In-App Features of ML JupyterLab
ML JupyterLab is an app in the AI/ML Accelerator package. A license is required in order to use the AI/ML Accelerator package. For more information, please contact DNAnexus Sales via [email protected].
The ML JupyterLab maintains the core features of a DXJupyterLab environment (for detailed information, please see here). To be specialized for ML work, the app is added with multiple new features which are listed below.
Kernel
ML JupyterLab uses python 3.10.4 kernel. This version provides a stable and widely-used environment for data science and machine learning tasks. It is fully compatible with a wide range of data processing and machine learning libraries, including NumPy, Pandas, Scikit-learn, TensorFlow, and PyTorch, enabling efficient model development and experimentation.
Pre-installed ML packages
Each Docker image in Docker image for the Ray node is pre-installed with state-of-the-art Python packages for ML development. Below are the exclusive list of packages and their version.
Docker Image: buildspec-1.0/ray-2.32.0-py310-cpu
Packages
Version
dxpy
>=0.385.0
pandas
2.0.3
fsspec_dnanexus
0.2.6
modin
0.23.1
pycaret
3.3.2
xgboost
1.7.6
stabl
1.0.0
scikit-learn
1.4.2
lightgbm
4.5.0
tensorflow
2.12.1
torch
2.4.1
torchaudio
2.4.1
torchvision
0.19.1
Docker Image: buildspec-1.0/ray-2.32.0-py310-gpu-pytorch
Packages
Version
dxpy
>=0.385.0
pandas
2.0.3
fsspec_dnanexus
0.2.6
modin
0.23.1
pycaret
3.3.2
xgboost
1.7.6
stabl
1.0.0
scikit-learn
1.4.2
lightgbm
4.5.0
torch
2.5.1+cu118
torchaudio
2.5.1+cu118
torchvision
0.20.1+cu118
Docker Image: buildspec-1.0/ray-2.32.0-py310-gpu-tensorflow
Packages
Version
dxpy
>=0.385.0
pandas
2.0.3
fsspec_dnanexus
0.2.6
modin
0.23.1
pycaret
3.3.2
xgboost
1.7.6
stabl
1.0.0
scikit-learn
1.4.2
lightgbm
4.5.0
tensorflow
2.12.1
fsspec-dnanexus
fsspec-dnanexus is a pre-installed Python library on the ML JupyterLab that abstracts file system operations, providing the unified APIs for interacting with the DNAnexus project storage. It simplifies working with files on the DNAnexus project by direct access without the need for downloading data to the local storage of the JupyterLab environment.

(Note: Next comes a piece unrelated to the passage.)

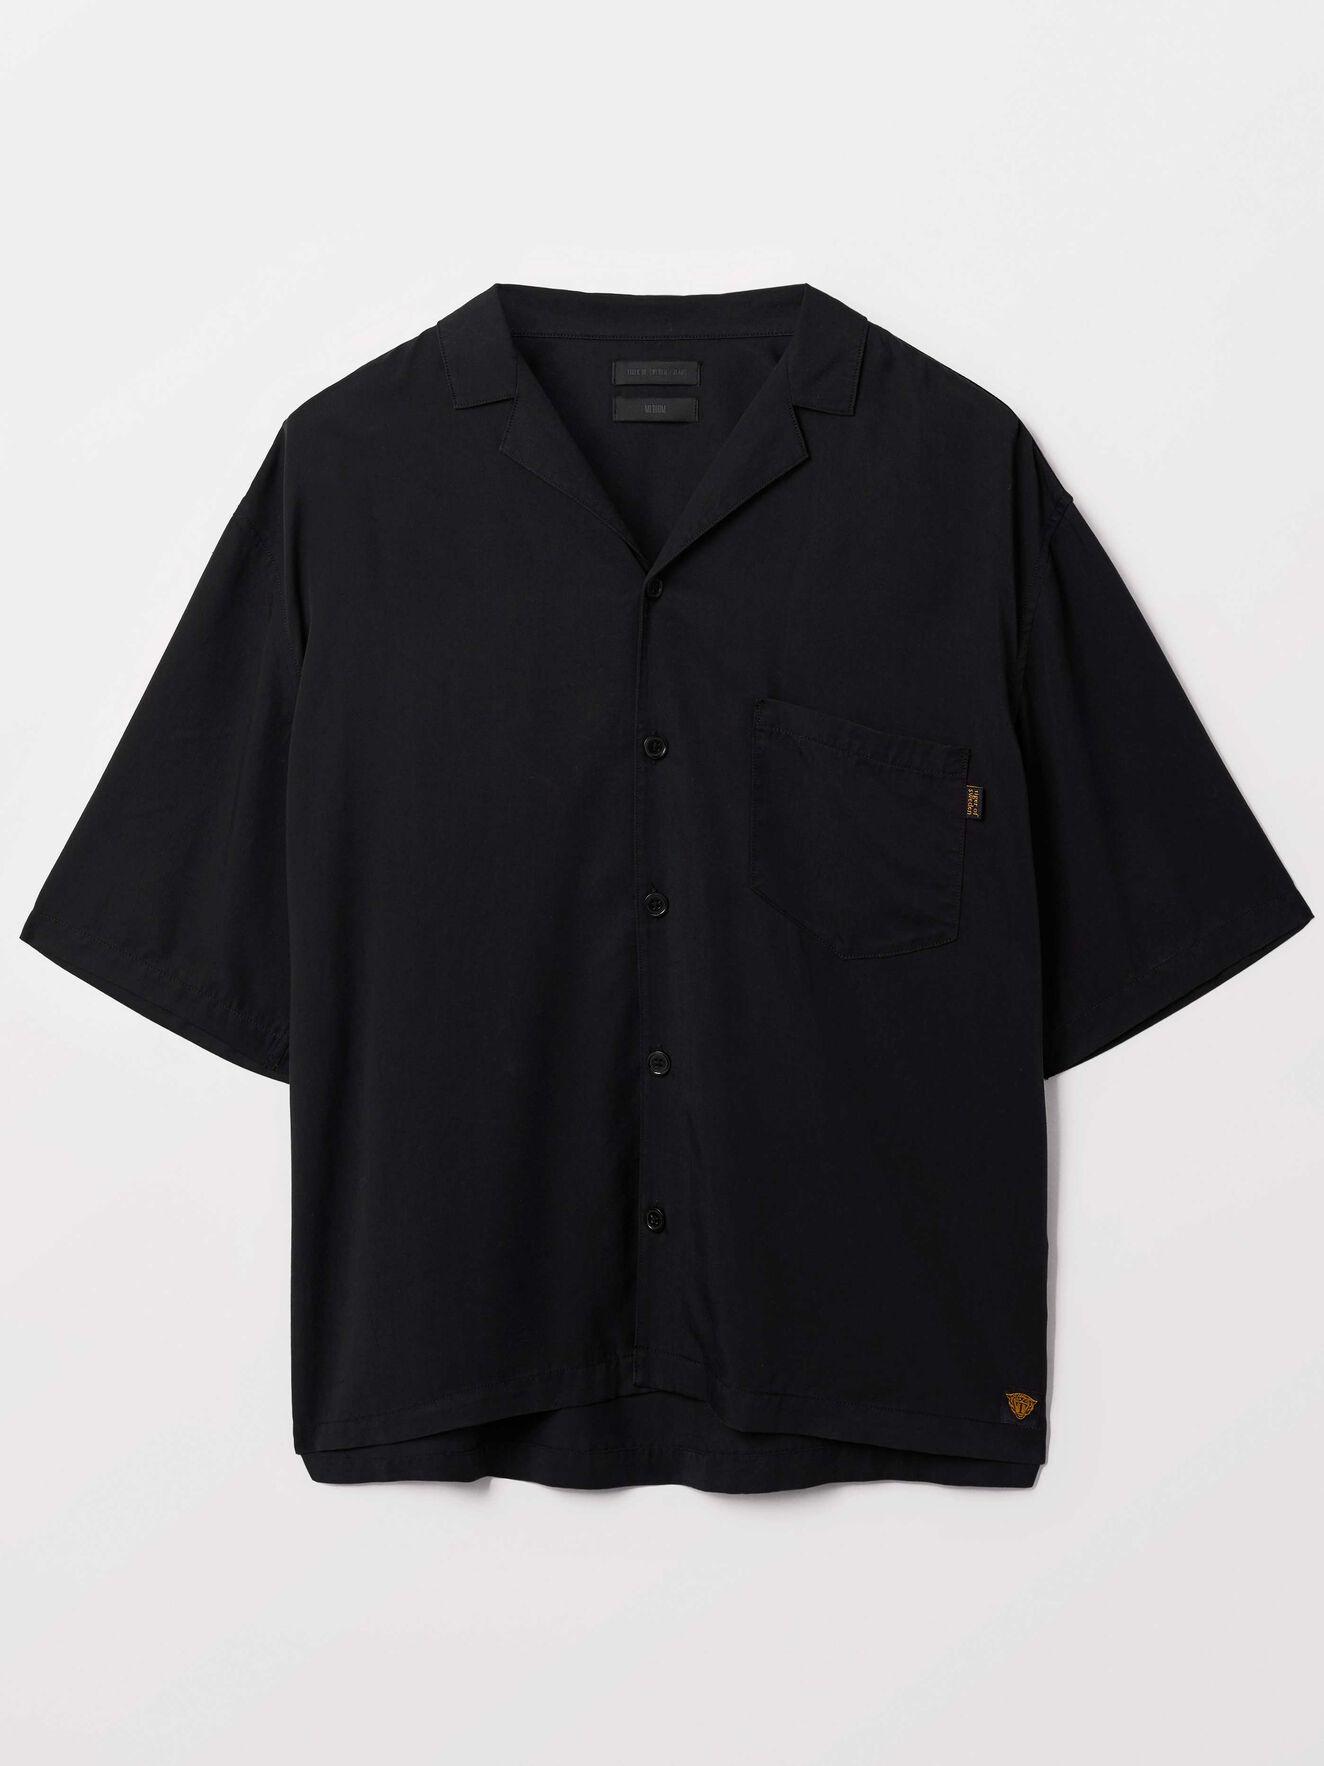 Pejer Shirt in Black from Tiger of Sweden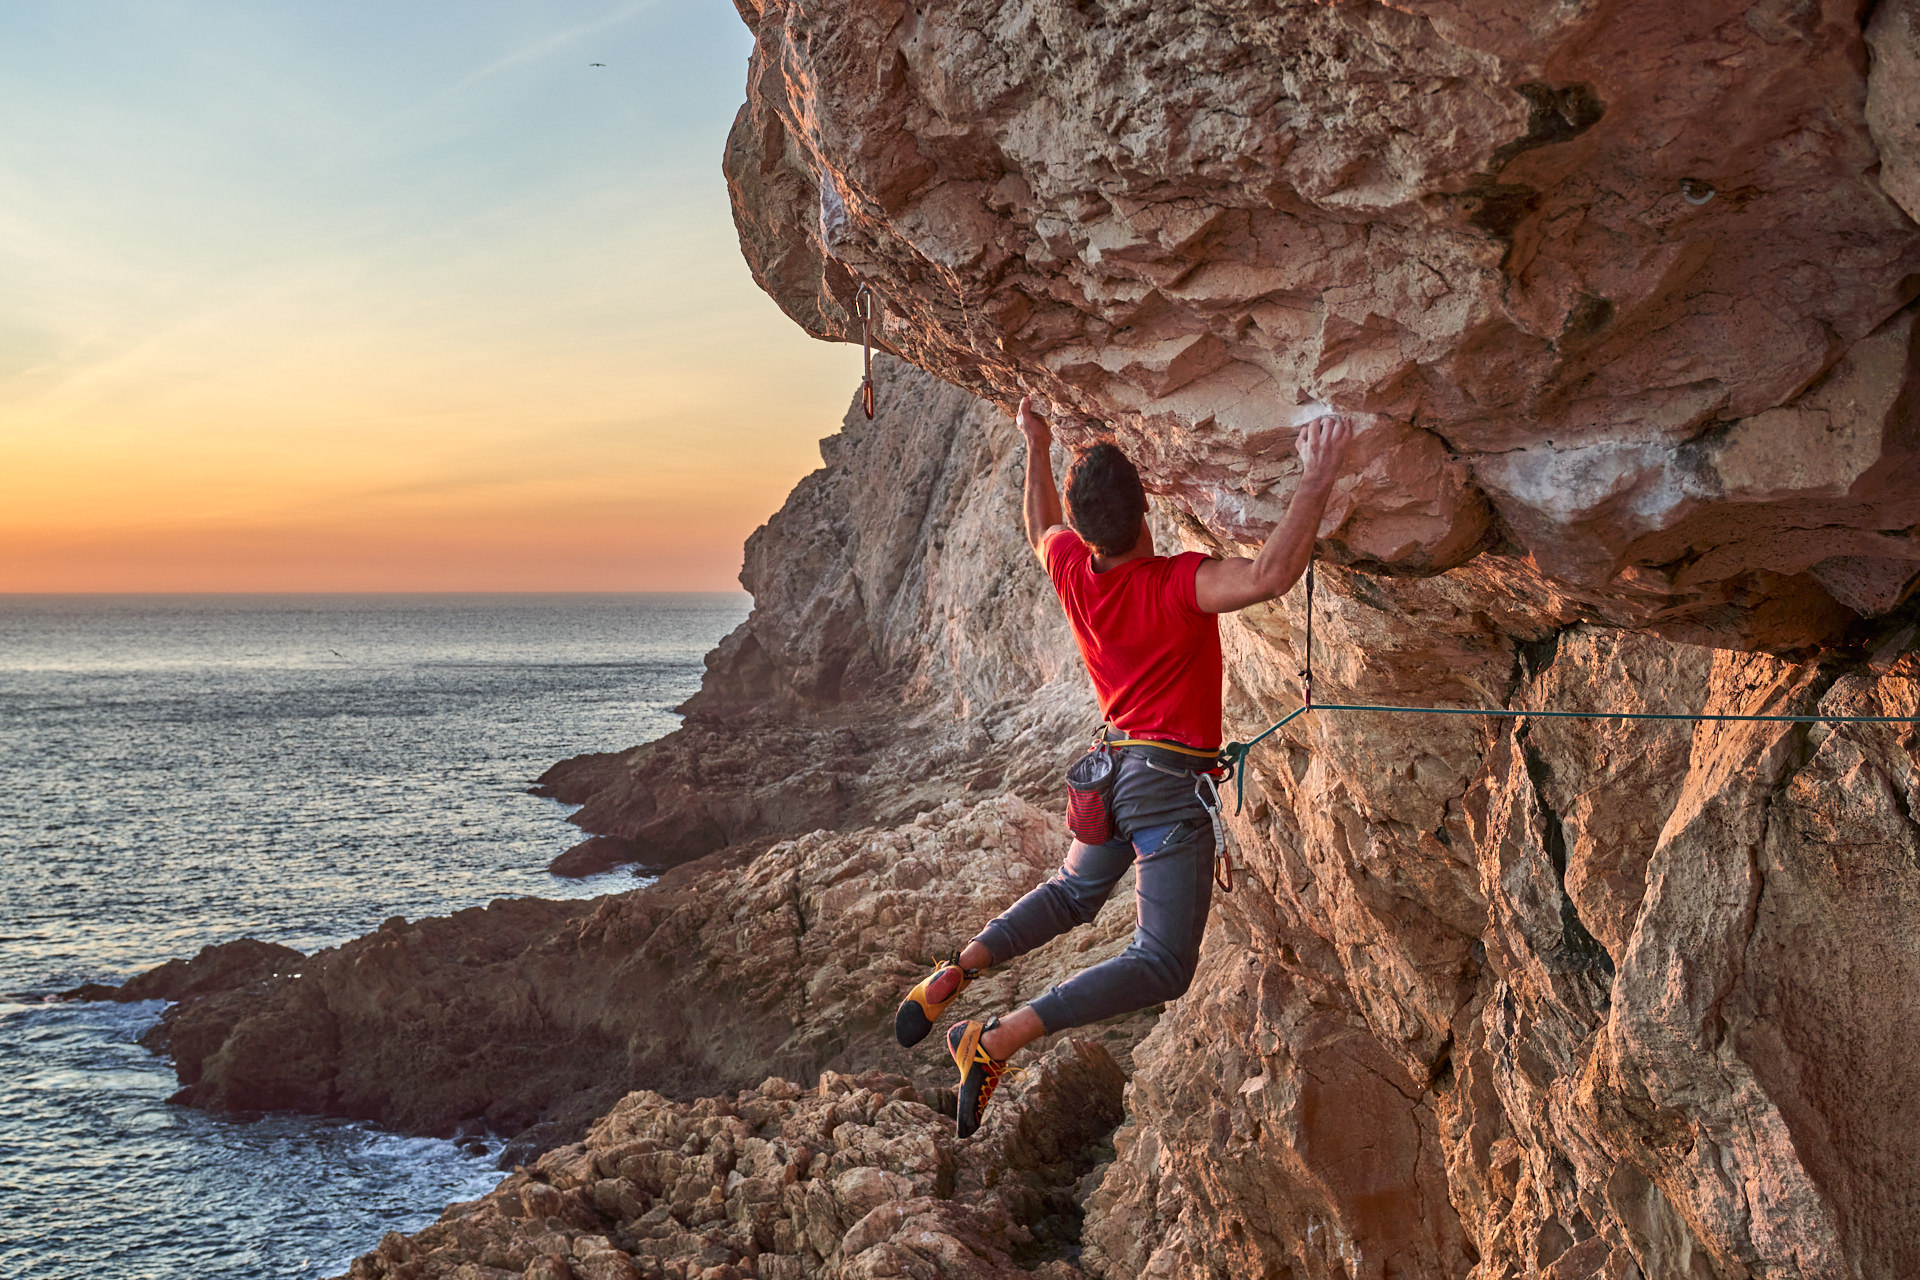 Lisbon Climbing Guide - Tiago Martins climbing La Traviata (8a) in Atlântida ©Martim Vidigal

Here is an example use of fsspec-dnanexus to read a .csv file from DNAnexus project
import pandas as pd
df = pd.read_csv("dnanexus://my-dx-project:/folder/data.csv")
For the detailed usage, please refer to the Official PyPI page.
Environment Snapshots
It is possible to save the current session environment and data and reload it later by creating a session snapshot (DNAnexus > Create Snapshot).
A ML JupyterLab session is run in a Docker container, and a session snapshot file is a tarball generated by saving the Docker container state (with the docker commit and docker save commands). Any installed packages and files created locally are saved to a snapshot file, with the exception of directories /home/dnanexus and /mnt/, which are not included. This file is then uploaded to the project to .Notebook_snapshots and can be passed as input the next time the app is started.
Ray dashboard
ML JupyterLab provides access to the Ray Dashboard, a powerful tool for monitoring and managing distributed applications built using Ray. The dashboard gives users real-time insights into their Ray clusters and distributed applications.
Key Features of the Ray Dashboard:
Cluster Monitoring: Get an overview of the state of your Ray cluster, including node health, task statuses, and resource utilization.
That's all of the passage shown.